Apart from that, the code itself looks sane.

Regards,
Lukasz
Re: [PATCH RESEND v4 01/10] PM: EM: Assign a unique ID when creating a performance domain
Posted by Lukasz Luba 4 months ago

On 10/6/25 09:17, Lukasz Luba wrote:
> Hi Chanwoo,
> 
> My apologies to delay on this topic.
> 
> On 9/21/25 04:19, Changwoo Min wrote:
>> It is necessary to refer to a specific performance domain from a
>> userspace. For example, the energy model of a particular performance
>> domain is updated.
>>
>> To this end, assign a unique ID to each performance domain to address it,
> 
> Is this related to the sched_ext view on the EM that we cannot re-use
> the allocated ID for the given domain?

Ignore that comment, I know the need now.

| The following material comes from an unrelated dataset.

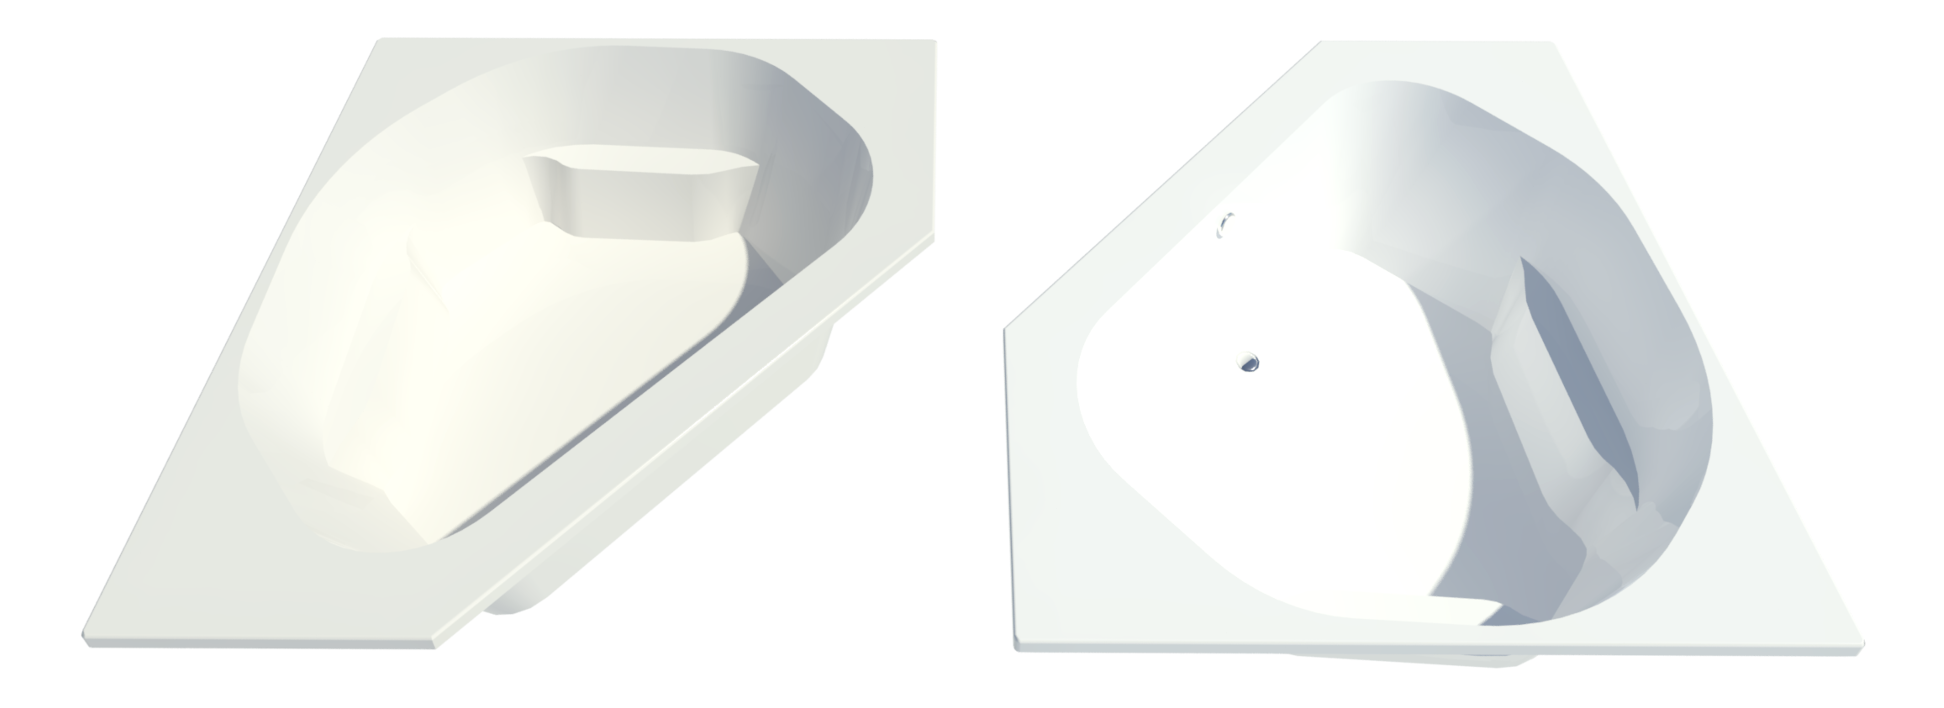 A Revit Raytrace render of two Americh’s Quantum 6060 drop-in bathtubs in almond and white finishes.

Although, there is a small code sneak below...



[..]

>> @@ -660,6 +678,13 @@ int em_dev_register_pd_no_update(struct device 
>> *dev, unsigned int nr_states,
>>   unlock:
>>       mutex_unlock(&em_pd_mutex);
>> +    if (_is_cpu_device(dev))
>> +        em_check_capacity_update();
>> +

It doesn't below to this $subject at all. It looks like
it was left from some your local changes, isn't it?

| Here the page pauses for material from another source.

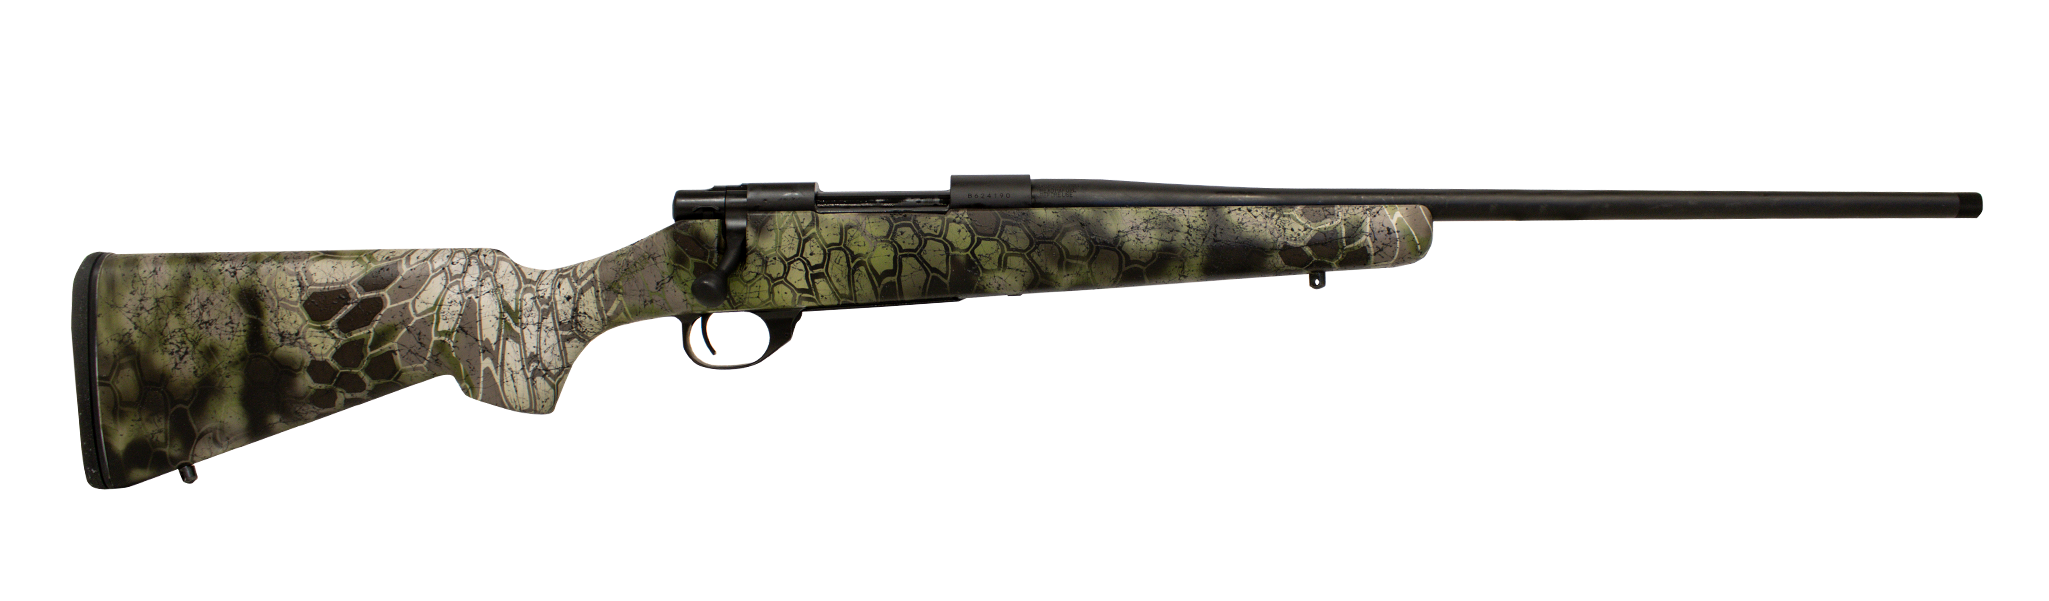 A Howa Carbon Stalker bolt-action rifle on a white background, available in 6.5 Grendel and 308

Re: [PATCH RESEND v4 01/10] PM: EM: Assign a unique ID when creating a performance domain
Posted by Changwoo Min 3 months, 4 weeks ago
Hi Lukasz,

On 10/6/25 21:24, Lukasz Luba wrote:
> 
> 
> On 10/6/25 09:17, Lukasz Luba wrote:
>> Hi Chanwoo,
>>
>> My apologies to delay on this topic.

Thank you for finding time and making an effort for the review! I
understand that it is not always possible to make time for review. :-)

>>
>> On 9/21/25 04:19, Changwoo Min wrote:
>>> It is necessary to refer to a specific performance domain from a
>>> userspace. For example, the energy model of a particular performance
>>> domain is updated.
>>>
>>> To this end, assign a unique ID to each performance domain to address 
>>> it,
>>
>> Is this related to the sched_ext view on the EM that we cannot re-use
>> the allocated ID for the given domain?
> 
> Ignore that comment, I know the need now.
> 
> Although, there is a small code sneak below...
> 
> 
> 
> [..]
> 
>>> @@ -660,6 +678,13 @@ int em_dev_register_pd_no_update(struct device 
>>> *dev, unsigned int nr_states,
>>>   unlock:
>>>       mutex_unlock(&em_pd_mutex);
>>> +    if (_is_cpu_device(dev))
>>> +        em_check_capacity_update();
>>> +
> 
> It doesn't below to this $subject at all. It looks like
> it was left from some your local changes, isn't it?

You are right. The code is redundant since the same check is done at
em_dev_register_perf_domain(). It is the side-effect of a bad rebase. I
will remove this in the next version.

Regards,
Changwoo Min